Washington [370]
Whatever pleasure he derived from being away from Mount Vernon had disappeared by September 9, when he wrote to George Augustine that the convention would likely wind up its deliberations within a week: “God grant I may not be disappointed in this expectation, as I am quite homesick.”22 The long hours and sedentary job must have proved an ordeal for him. A day earlier the convention had convened a committee on style, with Gouverneur Morris as its head, to give the Constitution its finished form. The foppish, peg-legged Morris was a delightful bon vivant with considerable verbal resources who relished Washington’s “cool, steady temper.”23 Washington, in turn, enjoyed Morris’s lively flow of quips, his “first-rate abilities,” and his “lively and brilliant imagination.”24 It was Morris who drafted the great preamble to the Constitution that began with the memorable flourish “We the People.” On September 12 delegates received printed copies of the final document, and as he led them through it, Washington personally inserted the changes that had been approved while the committee on style was hard at work.

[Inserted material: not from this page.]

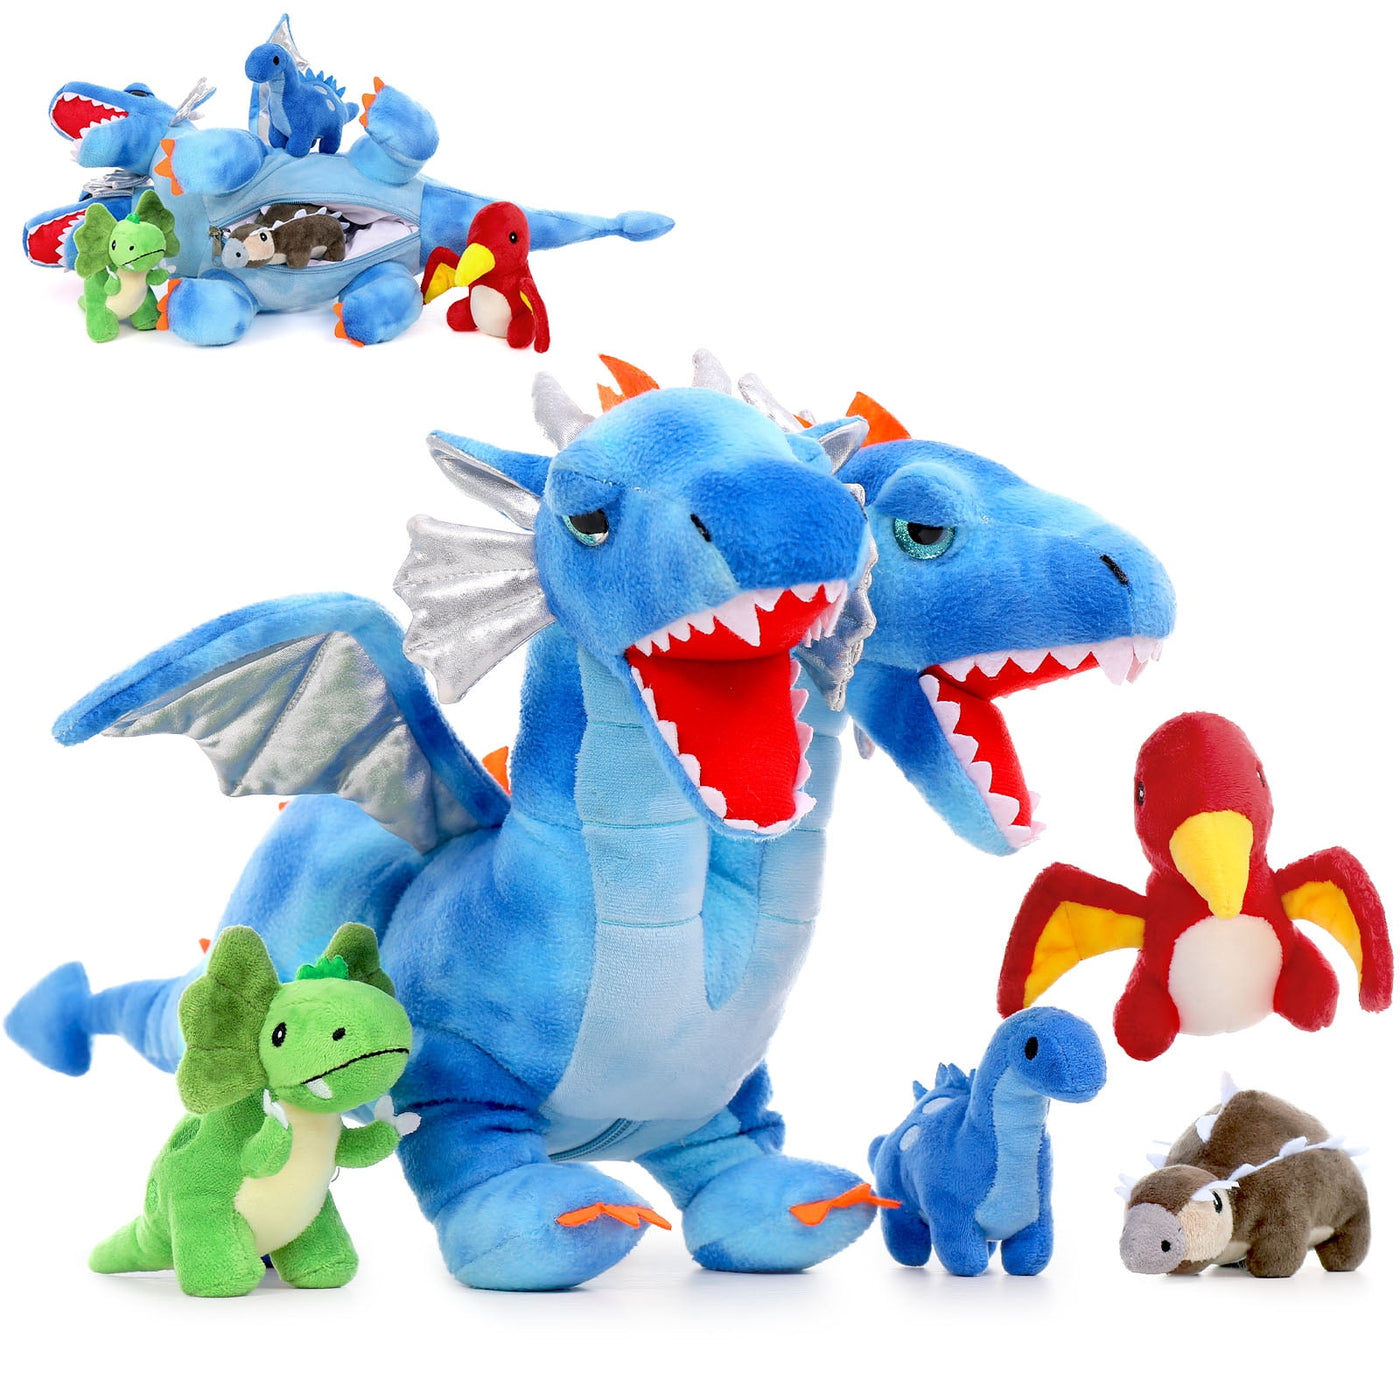 MaoGoLan 5 PCs Double Headed Dragon Stuffed Animals 21" Mommy Dragon with 4 Baby Dinosaurs
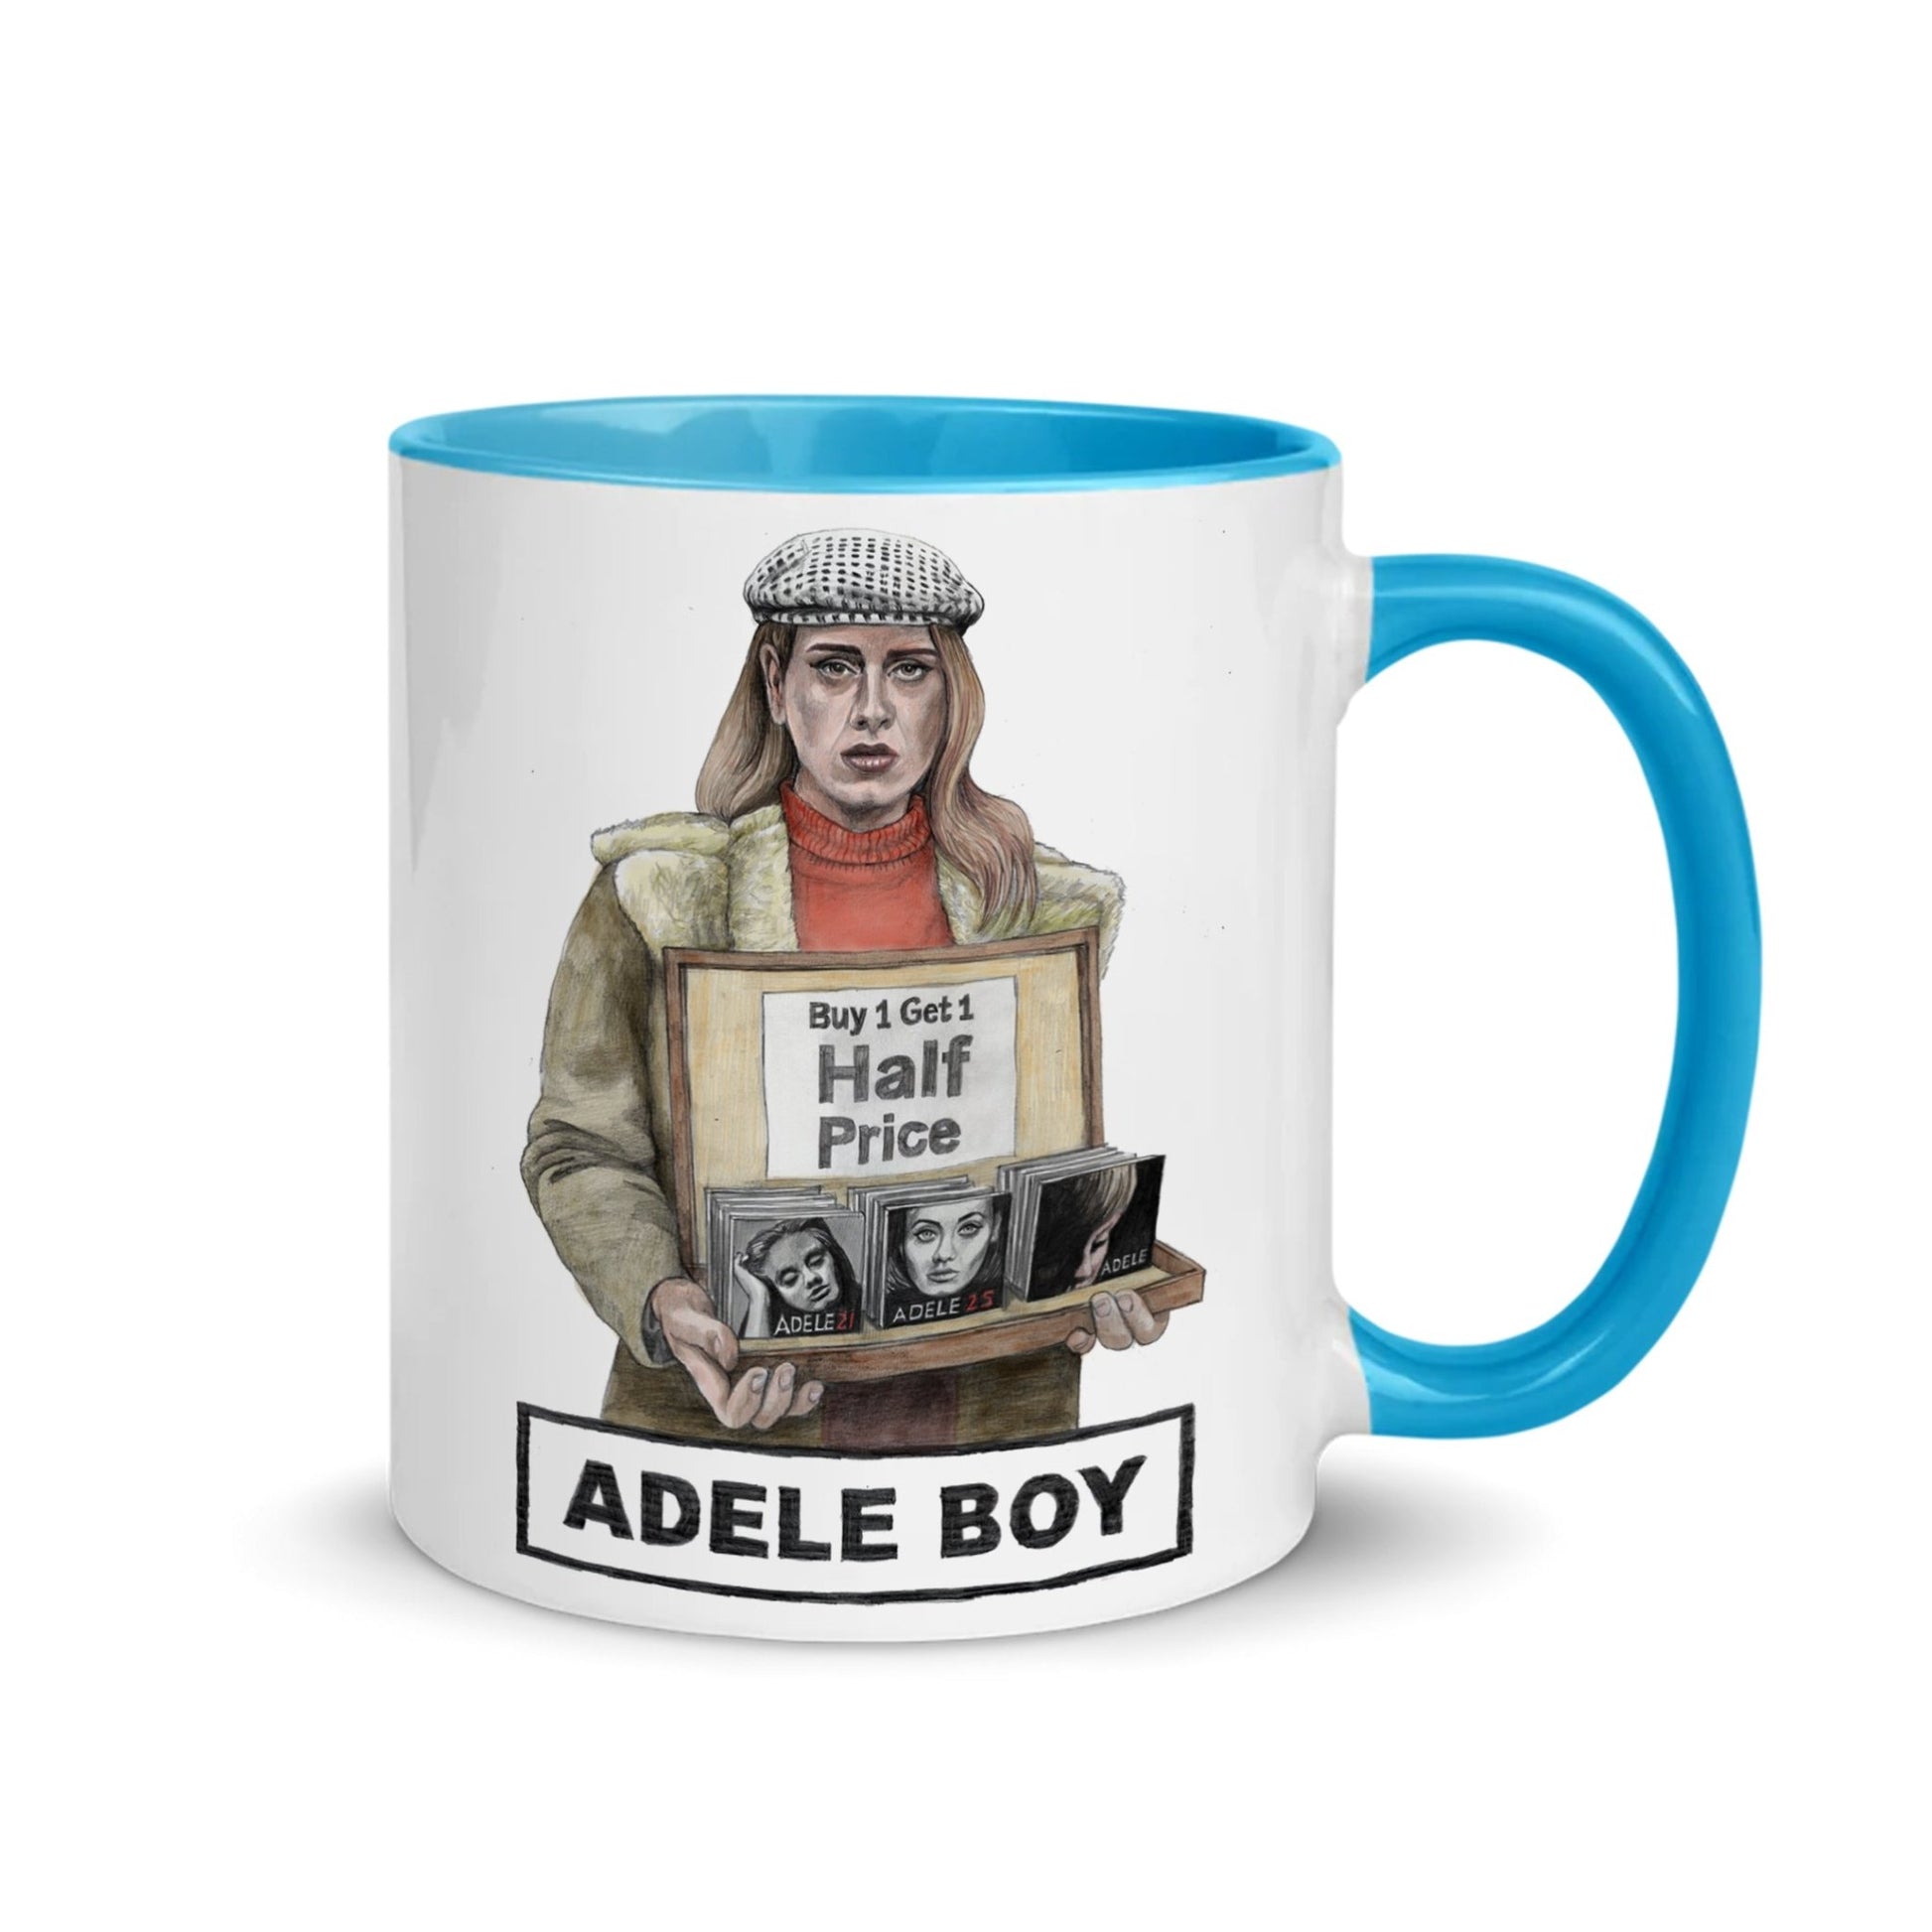 Adele Boy Ceramic Mug - Quite Good Cards Funny Birthday Card

Whatever his misgivings about individual provisions, Washington was no lukewarm supporter of the final document. As he later expressed it, the Constitution was “the result of a spirit of amity and mutual concession” and more coherent than anyone had a right to expect from so many discordant delegates with passionate opinions.25 It struck him as “little short of a miracle,” he told Lafayette, that “delegates from so many different states . . . should unite in forming a system of national government so little liable to well-founded objections.”26 In another letter he said, “It approached nearer to perfection than any government hitherto instituted among men.”27 Especially sensitive to allegations that the president was vested with excessive power, he stressed the numerous safeguards put in place, telling Lafayette that the new constitution “is provided with more checks and barriers against the introduction of tyranny . . . than any government” previously devised by mortals.28 As president, Washington went so far as to say that the “invisible hand” of providence had been manifest in the enactment of the Constitution.29
In correspondence Washington admitted to imperfections in the new charter but trusted to the amendment process to refine it. The Constitutional Convention was no conclave of sages in Roman togas, handing down eternal truths engraved in marble, and he wondered how long the document would last. He parted company with Edmund Randolph, who refused to sign the Constitution unless it provided for a second convention to enact necessary amendments. For Washington, the beauty of the document was that it charted a path for its own evolution. Its very brevity and generality—it contained fewer than eight thousand words—meant it would be a constantly changing document, susceptible to shifting interpretations. It would be left to Washington and other founders to convert this succinct, deliberately vague statement into a working reality. He also knew that the American public needed to contribute its share; the Constitution “can only lay the foundation—the community at large must raise the edifice.”30 Benjamin Franklin shared this view.